I was in the grocery store once, on a weekend, with my family. A blonde lady was behind me in the check out line. To make small talk, she said, “How are you enjoying spring break?”
“I don’t have spring break,” I said, trying to sound important.
“Oh, why not?”
“I’m homeschooled,” I said. Once I said it, I regretted it…but not for long.
“Where’s that?” she asked, completely serious.
I wanted to start hitting my head on the nearby wall, but I resisted that urge. “It’s over the bridge and close to my house,” I said, trying not to get into another conversation about homeschooling.
“Do you take a bus to this Homeschool?” This lady was dumb as a brick, but I tried not to laugh.
“No, I walk there; it’s only a couple of feet away from my room.”
“Wow, that’s very neat.” She smiled and I smiled too, but I smiled because I was trying not to laugh.
My mom was done checking out, so we left. But before we left, the blonde lady said, “Have fun at Homeschool!” She was completely serious.
Way to blurt it out to the whole world, I thought, as we walked out to the car.
Even though I have friends, I sometimes feel out of place. Everybody seems to treat me differently because I am homeschooled. I sometimes feel the need to memorize the dictionary, just in case people ask random questions, thinking I know it all. I don’t, I’ll admit that…but not to a stranger’s face, especially when they already know I’m homeschooled.

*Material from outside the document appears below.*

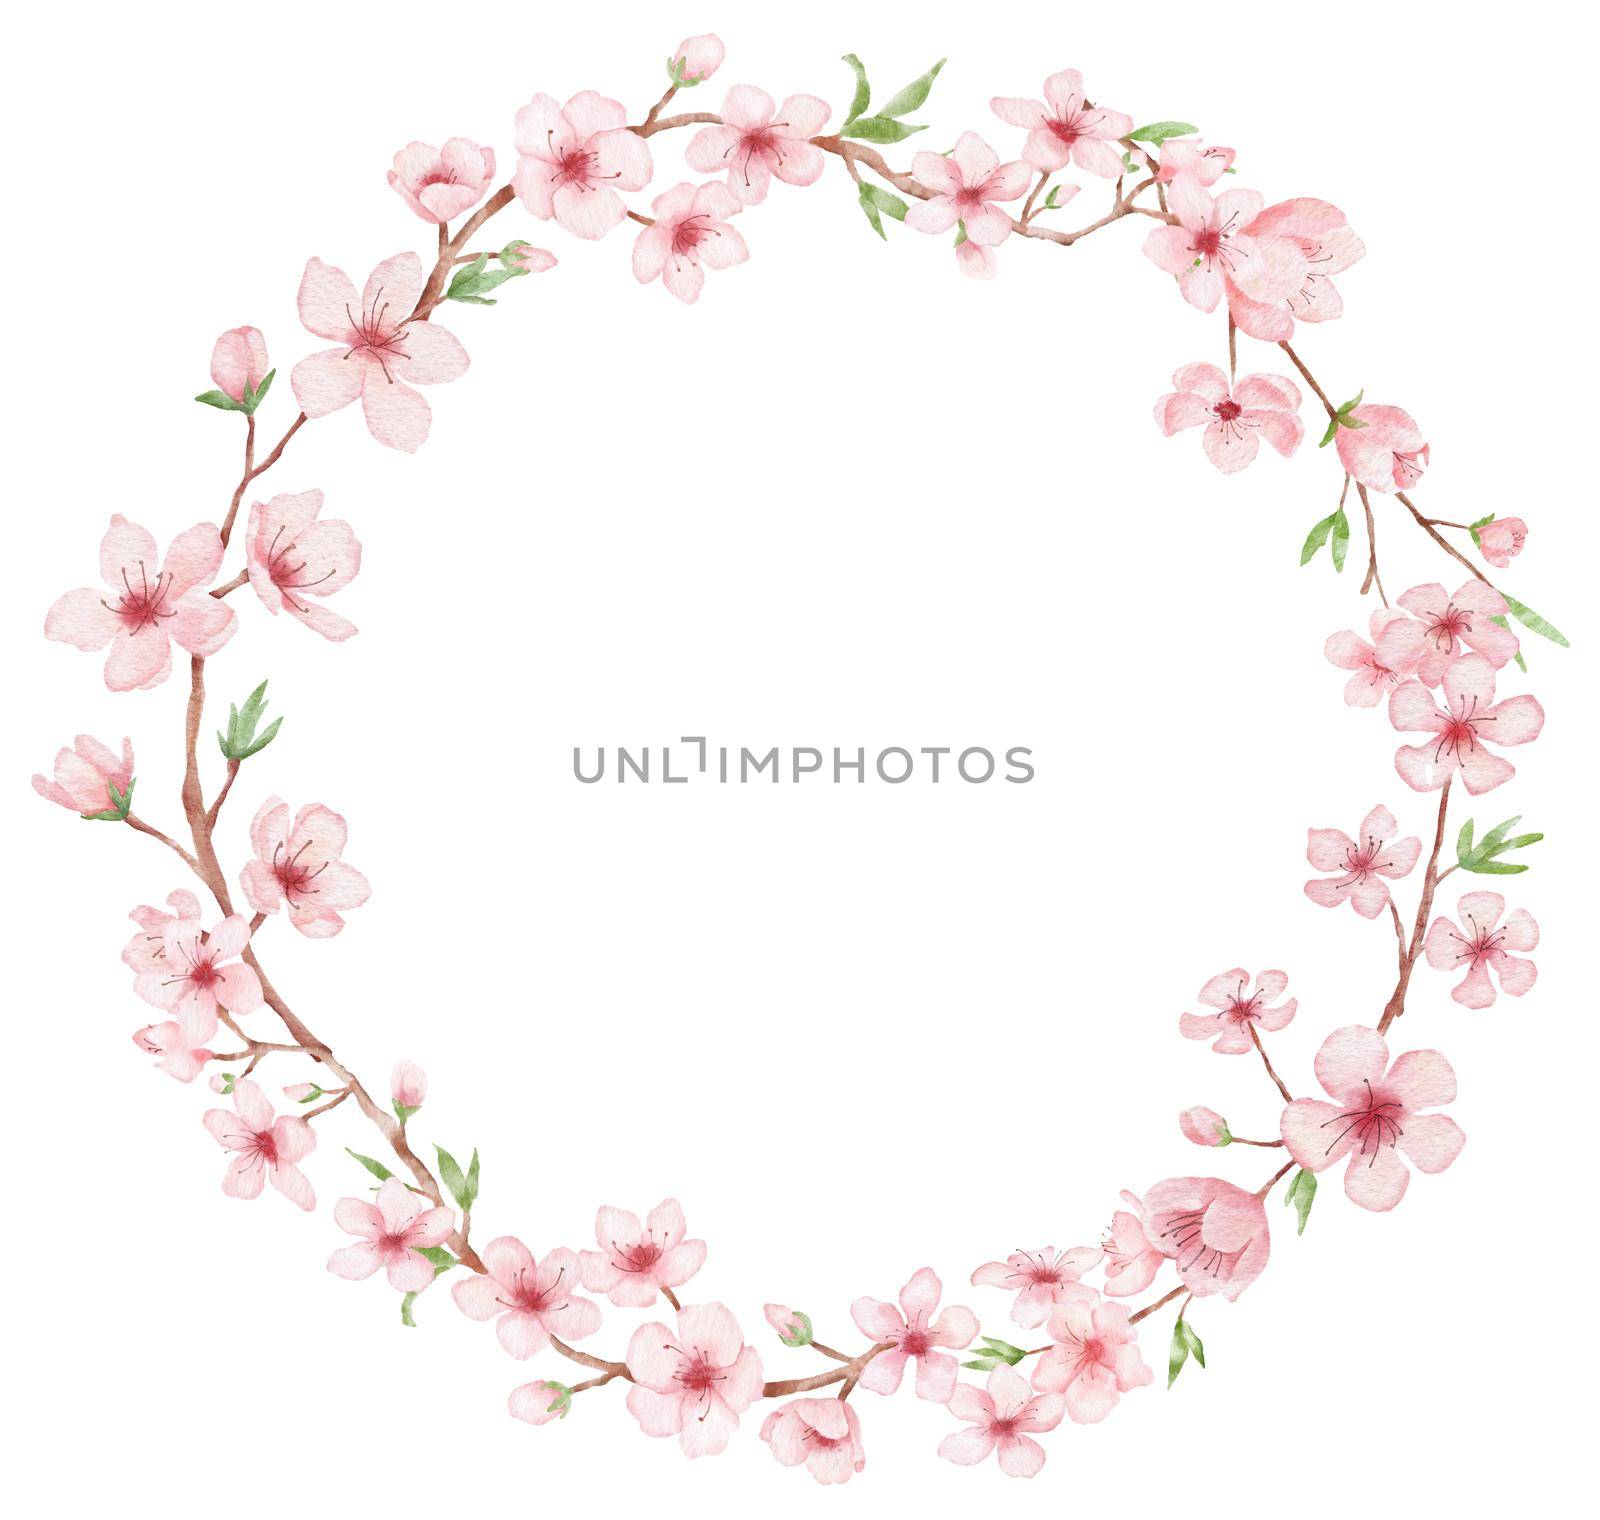 Round frame with Branch of Cherry blossom illustration. Watercolor painting sakura wreath isolated on white. Japanese flower

Last semester, I joined a homeschool choir that is part of my umbrella school. For those of you who do not know what an umbrella school is, never mind. Just know that we don’t meet in the rain and it’s a cool way to meet other homeschoolers.
In this choir, I don’t feel out of place. The choir teens are amazing and they’re so friendly! I’m not the only one homeschooled there; I’m not the only one who has the trouble of explaining my life 24-7 to completely random strangers in public places. I’m in the midst of my own “species” as some people would like to call it and I love it. Because of this choir, I don’t care if people have bizarre questions like “Is that legal?” or “Who’s your teacher?” All I know is that because of this group of people, I am proud to be homeschooled.